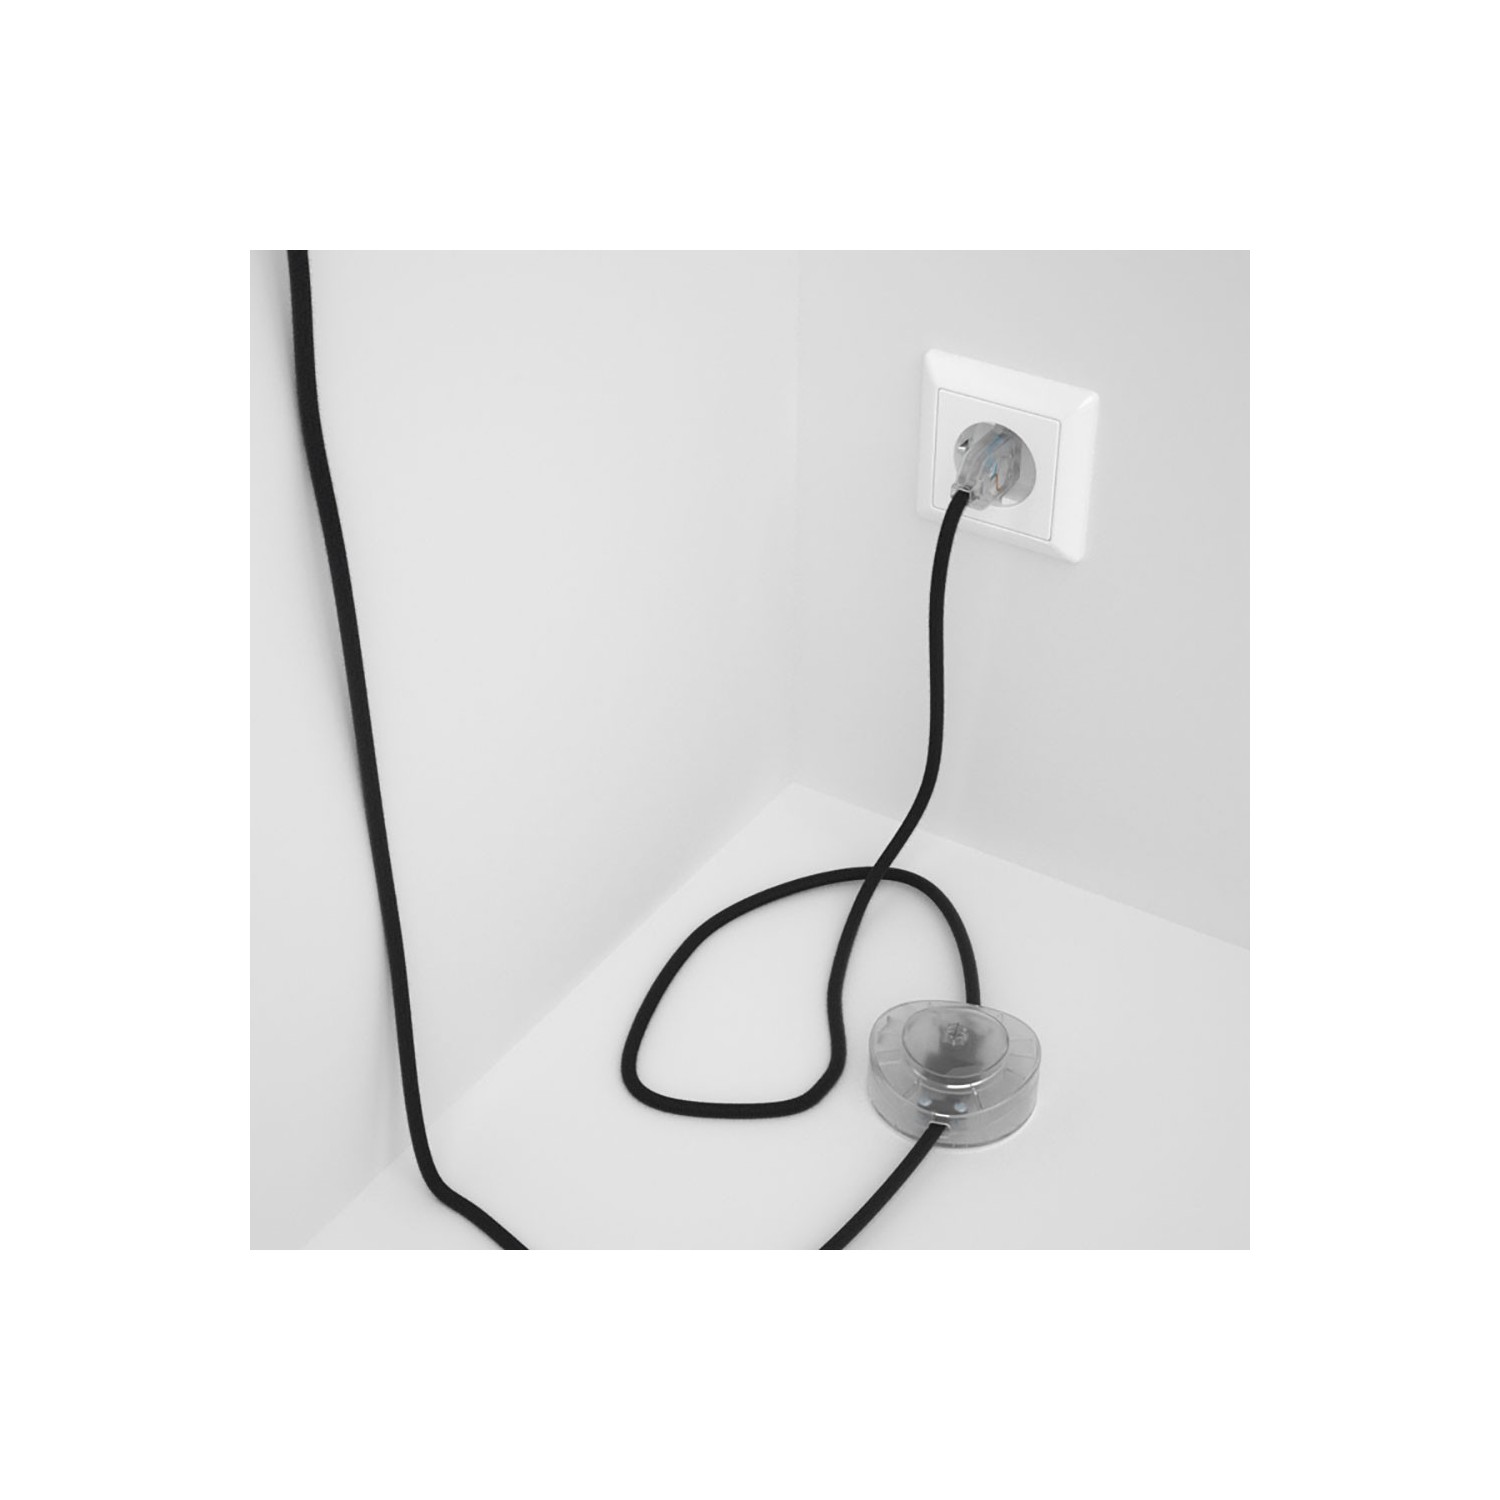 Cableado para lámpara de pie, cable RC04 Algodón Negro 3 m. Elige tu el color de la clavija y del interruptor!
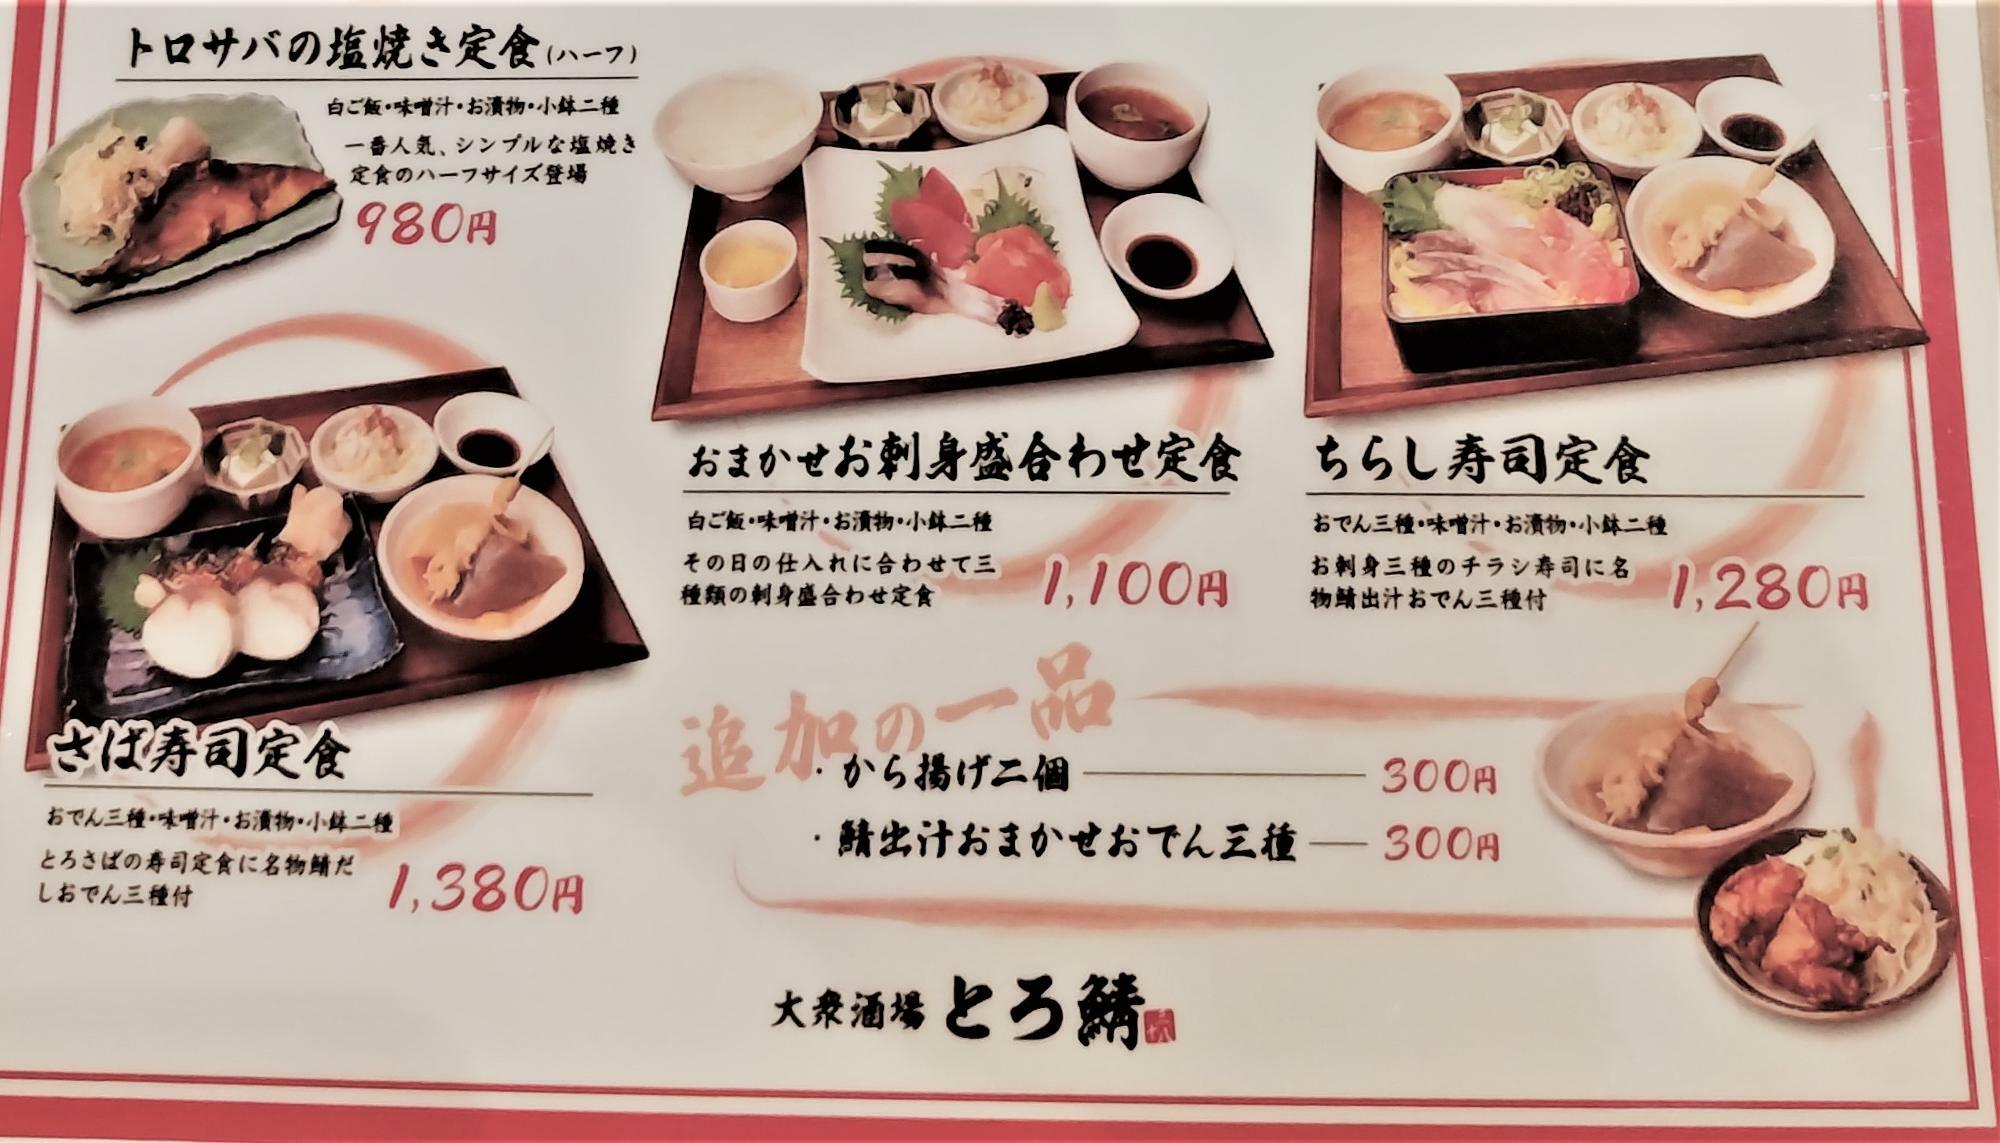 夜の場合は「鯖出汁おまかせおでん三種」が490円(税込)とのこと。
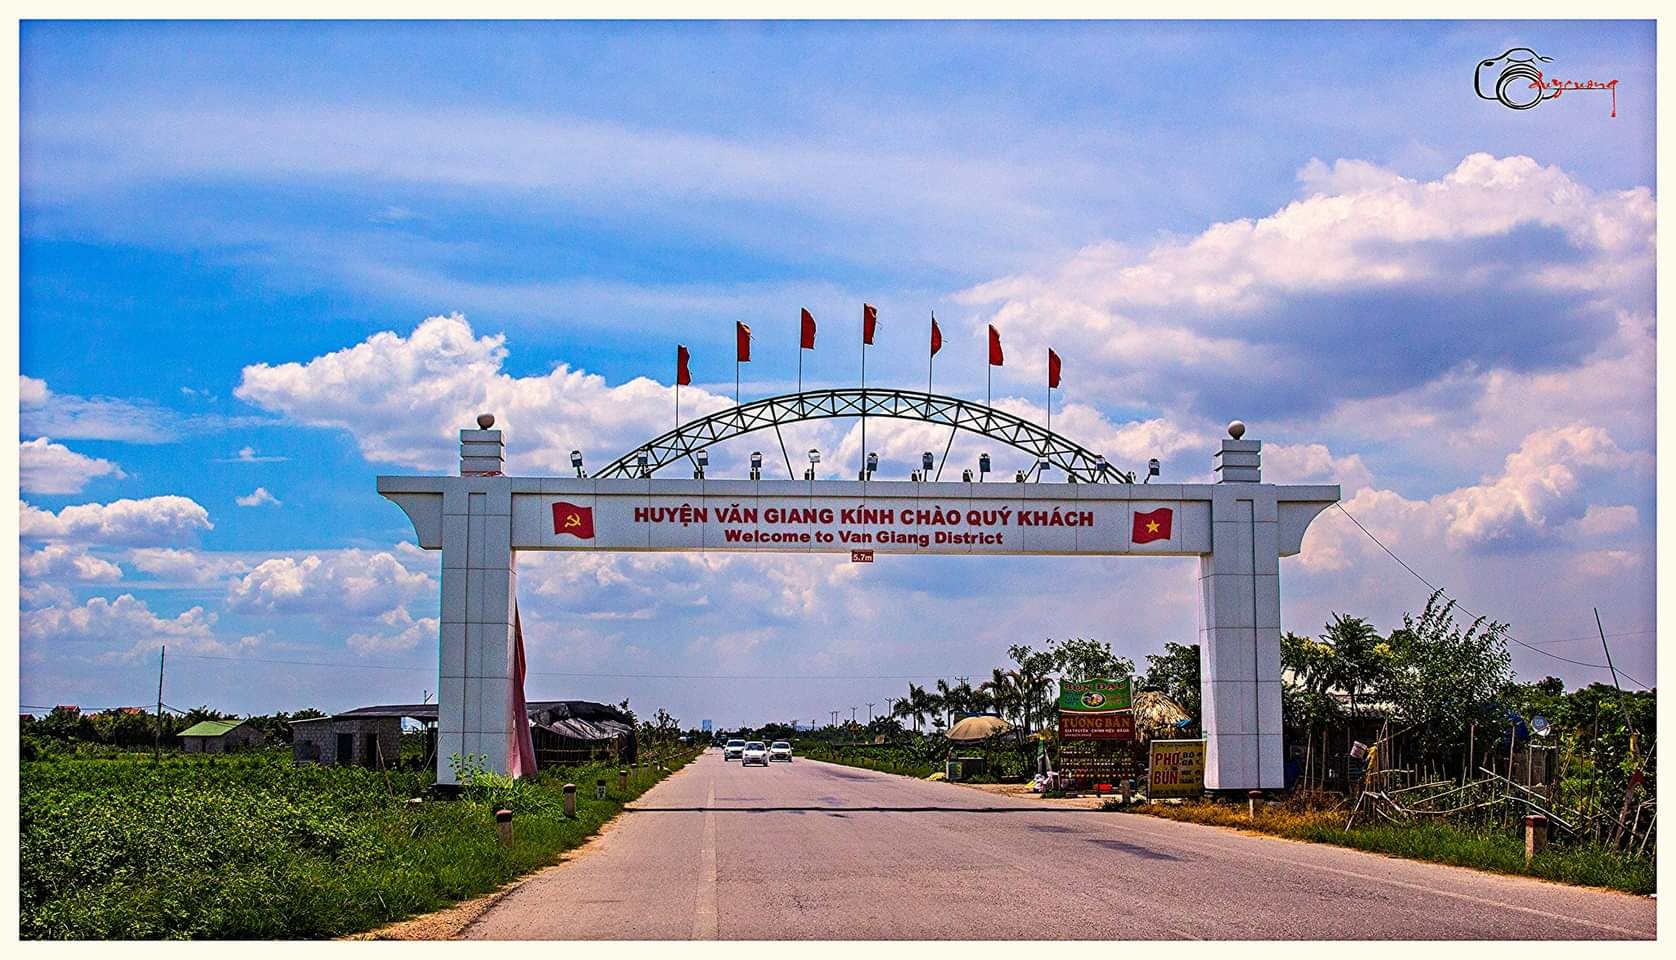 Chuyển nhượng đất công nghiệp gần cổng chào Văn Giang

- _Task instructions_:
Set down the line containing "夜の場合は「鯖出汁おまかせおでん三種」が490円(税込)とのこと。", then every later line through the end of the material, exactly as written; omit any picture.

- _Reply_:
 夜の場合は「鯖出汁おまかせおでん三種」が490円(税込)とのこと。
 Chuyển nhượng đất công nghiệp gần cổng chào Văn Giang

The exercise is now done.